Stuttgart. Close-up – the name of the series by the Mercedes-Benz Museum says it all. Each instalment tells surprising, exciting, profound stories. To this end, it shines a spotlight on details of a vehicle, exhibit or element of architecture and design. In the spotlight this time: the Mercedes-Benz LO 1112 bus from 1969.

No. 2/2022: Mercedes-Benz LO 1112, 1969

Darling of the public: With its countless colourful details and motifs, the Mercedes-Benz LO 1112 almost magically attracts the eye in the Collection Room 1: Gallery of Voyagers – because no other exhibit in the Mercedes-Benz Museum is as eye-catching as this colourful bus. And then in XXL size to boot.

Landmark: The LO 1112 comes from Argentina. The bus is designed in the “fileteado porteño” style. This artistic tradition for passenger transport vehicles in Buenos Aires, with curlicues, garlands, flowers and symbols of bright colours, was created at the end of the 19th century. It was first used for decorating horse-drawn carriages. “Fileteado porteño” even served as an anti-theft device because each carriage was unique. Later, buses continue the tradition, are part of the street scene of the Argentine capital for decades and are an attraction for tourists.

Significance: UNESCO considers “fileteado porteño” to be so significant that the institution declared the style an intangible cultural heritage in December 2015. Just like another Argentinian tradition back in 2009: the tango.

Cosmopolitan: The LO 1112 is one of the popular short-nosed vehicles built by Mercedes-Benz from the 1950s onwards as trucks and for export as buses. They are considered indestructible and are treasured the world over. Their friendly face with round headlamps, curved wings and the large Mercedes star in the radiator grille makes for a likeable appearance. Incidentally, the “L” in the model designation LO 1112 stands for “Lastwagen”, the German word for “truck”, and the “O” for omnibus. The bus in the Mercedes-Benz Museum has a total weight of eleven tonnes. The “12” stands for the engine power in the old unit: 88 kW (120 hp) power the vehicle. A total of 5,338 LO 1112s are produced between 1965 and 1973.
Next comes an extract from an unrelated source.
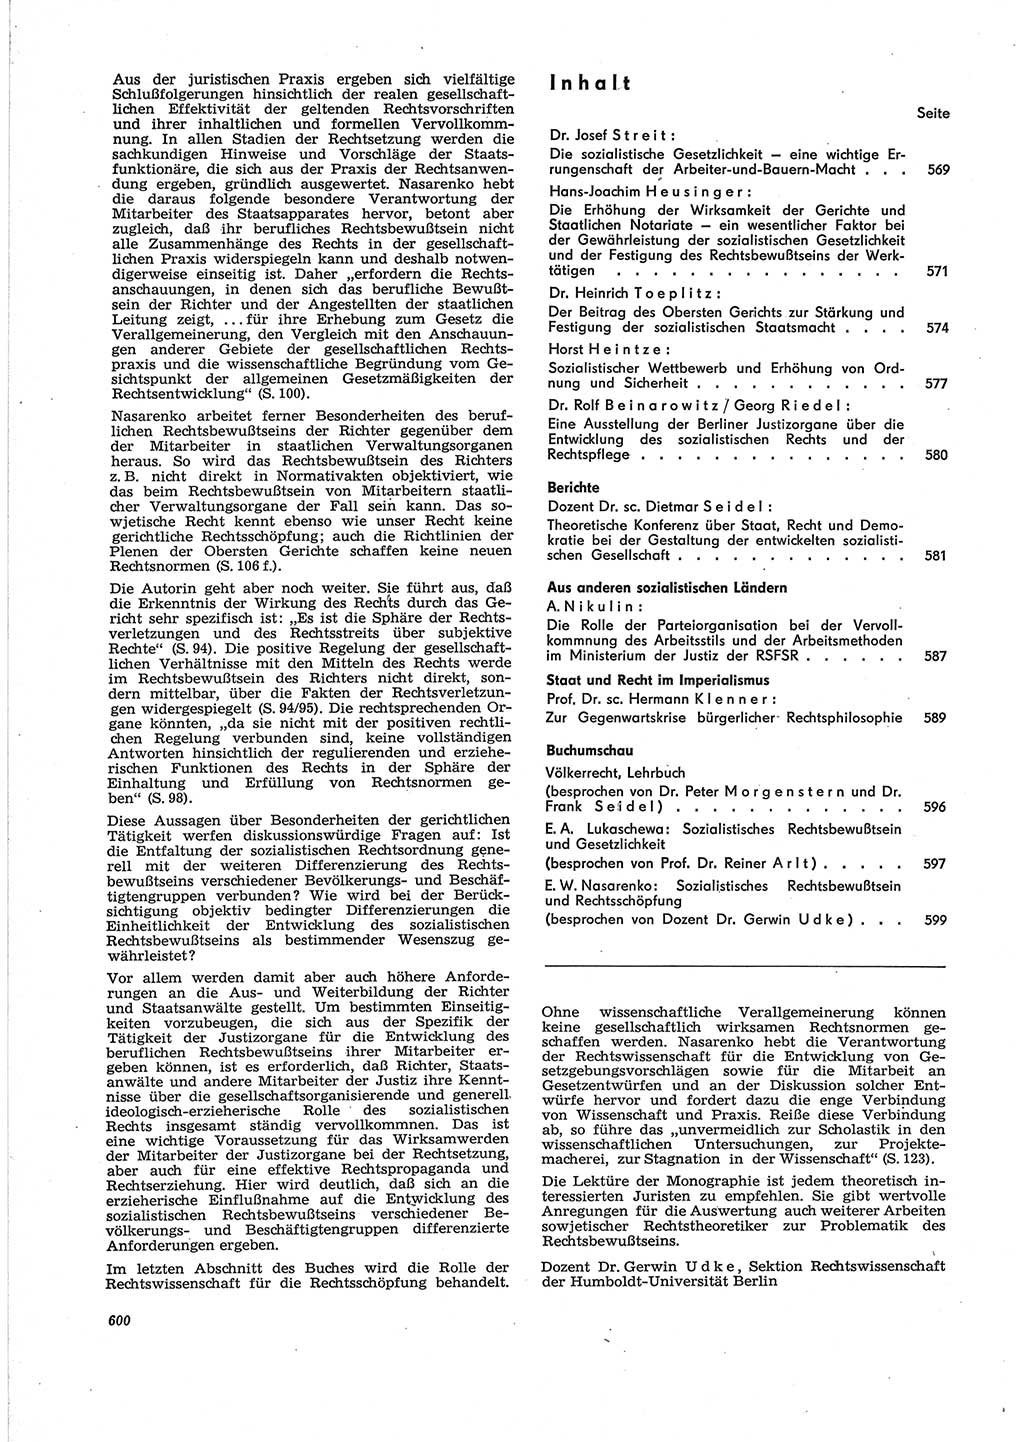 Neue Justiz (NJ), Zeitschrift für Recht und Rechtswissenschaft [Deutsche Demokratische Republik (DDR)], 28. Jahrgang 1974, Seite 600 (NJ DDR 1974, S. 600)

Everyday helpers: The Mercedes-Benz Museum’s LO 1112 is acquired in 1969 by Hector Prieto, who serves Line 6 together with colleagues. Because there are no municipal transport companies in Buenos Aires, drivers who have their own bus join forces and set up regular services together on one line: the “colectivos”. They run in the streets of the capital at times that can be relied upon and constitute the backbone of local public transport. The colourful design also serves as advertising: because on the lucrative routes through the Argentine capital there is not just one entrepreneurial community but several groups competing with each other. Each and every driver uses conspicuousness and appealing popularity to attract as many passengers as possible, which means money in the bank.

Local assembly: The LO 1112 is built at the Mercedes-Benz plant in Buenos Aires using a truck chassis from Germany and a bus body typical of the country in the Mercedes-Benz plant in Buenos Aires. This oldest of the company’s foreign plants was founded a good 70 years ago. Most “colectivos” by far opt for a Mercedes-Benz bus – the market share has been around 90 per cent for decades.

Expenditure: Prieto has the vehicle customised both inside and out. Hardly any visible surface remains untreated. Colours and chrome, as well as patterns etched into some windows make the LO 1112 a work of art on wheels. The décor includes a particularly large number of Mercedes stars, a fine testimony to the owner’s high brand affinity and pride. His company is called “Transportes La Perlita S.A.”, as it is painted on the side.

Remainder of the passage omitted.